Advantages: none really


----------



## alecstilleyedye (23 Aug 2007)

bonj said:


> Roof rack.
> Disadvantages:
> a) Precarious
> Pain in the arse to lift bikes onto it and secure them
> ...



i take it you're with me with the roof box method then bonj.


----------



## Danny (23 Aug 2007)

bonj said:


> Rear carrier.
> Disadvantages:
> a) Wobbly
> When you put it on, it wobbles about, even before bikes are on it
> ...



My previous experience with poor quality rear racks that I had borrowed was exactly as described by bonj (including an embarassing incident which resulted in my new girlfirend's car being badly scratched).

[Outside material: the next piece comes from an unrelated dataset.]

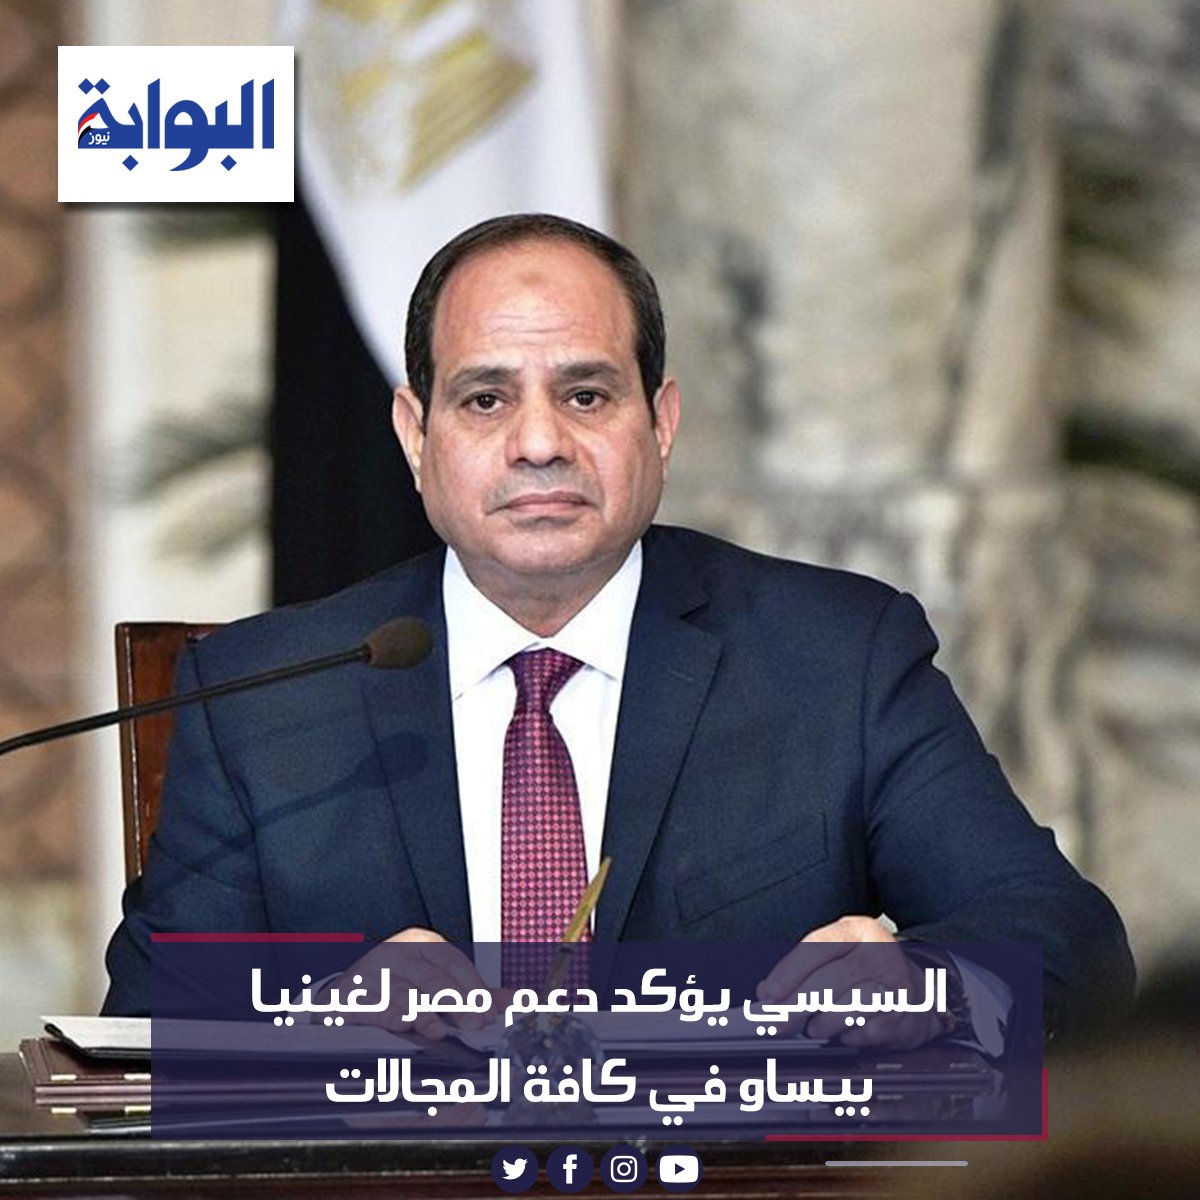 السيسي يؤكد دعم مصر لغينيا بيساو في كافة المجالات التفاصيل

However the Saris Bones rack I recently bought has no wobble at all once you have correctly adjusted all the straps.


----------



## starseven (24 Aug 2007)

I use a boot mounted type but only becuase thats what was in the shop when I needed one, o and it was about a third of the price of anything else. The bikes do wobble and a lot of use will lead to a few scratches.

If its just occasional use mine says no more than 3 bikes but I wouldnt want to put 3 Dh bikes on it.

My favourites are the little trailers with a few bike on top, but I dont really need one , they just look handy


You might consider doing without altogether, my last car , a german saloon ahem.. ,could fit a couple of bikes with the wheels removed in the boot no need for a rack.


----------



## PaulSB (30 Aug 2007)

When the kids were young and everyone wanted to ride we had five bikes to move around, often to the south of France, on an Espace. The Espace shape means rear mounted racks are dangerous so we got a tow bar mounted rack from Pendle Bike Racks http://www.pendle-bike.co.uk/. Superb piece of kit that took 4 bikes and the last one went on the roof. These also keep their second hand value - got £100 for mine after 5 years use.

Now it's just my bike I have something cheap from Halfords on the boot. I've spent some time covering the entire frame with foam pipe lagging from B&Q. This protects the bike and the car. To avoid paintwork scratches from the straps just slip a piece of cardboard under the clips.

One day when I have some spare cash I shall invest in a tow bar and a new tow bar mounted carrier. This is by far the best system......and looks so good.


----------



## bonj2 (30 Aug 2007)

alecstilleyedye said:


> i take it you're with me with the roof box method then bonj.



i'm with the 'inside vehicle' method myself, but yes roof box is better than rear rack or roof rack.
Tow-bar mounted rack would be the rack I'd have to go for if i had to have one, but i still wouldn't like that quite as much as inside.


----------



## andy_wrx (30 Aug 2007)

Sorry, this isn't intended to apply to those of you carrying three or more bikes or going on holiday with a carful of people and luggage...

...but I'm always puzzled to see a car, frequently a hatchback or estate car, with just one bloke driving it, and a single bike on the roof or a boot rack.

Why ?
I can understand it with lots of bikes, or lots of people & luggage & bikes - but one person and one bike ?

And if it's a MTB I can understand you might be getting it filthy and not want it in the car on the way back, but a road bike ?

If I drive to a tri or sportive, alone or with Mrs wrx, my bike goes inside the car. 
I put an old sheet in first to protect the carpet, drop the seats, shove the bike in - it takes seconds : far easier & quicker than fitting a rack, no effect on fuel consumption, more secure against theft.


----------



## rich p (30 Aug 2007)

Are there any issues witrh clamping a carbon down tube on a roof mounted system?


----------



## bonj2 (30 Aug 2007)

yeah, so make sure your brake lights work/can be seen!


----------



## HJ (30 Aug 2007)

Sell the car and stick to the bike


----------



## Lefire (31 Aug 2007)

Thanks for the advice:

*Summary is*
roof rack not a good idea
boot rack not a good idea
tow bar rack better but still not a good idea

That settles it then, I'll sell the car.


----------



## Scoosh (31 Aug 2007)

> Thanks for the advice:
> 
> *Summary is*
> roof rack not a good idea
> ...



Aha ! he's getting the idea .... 
..... but how does he get to that wonderful ride/race/sportif which is 100 miles away ???


----------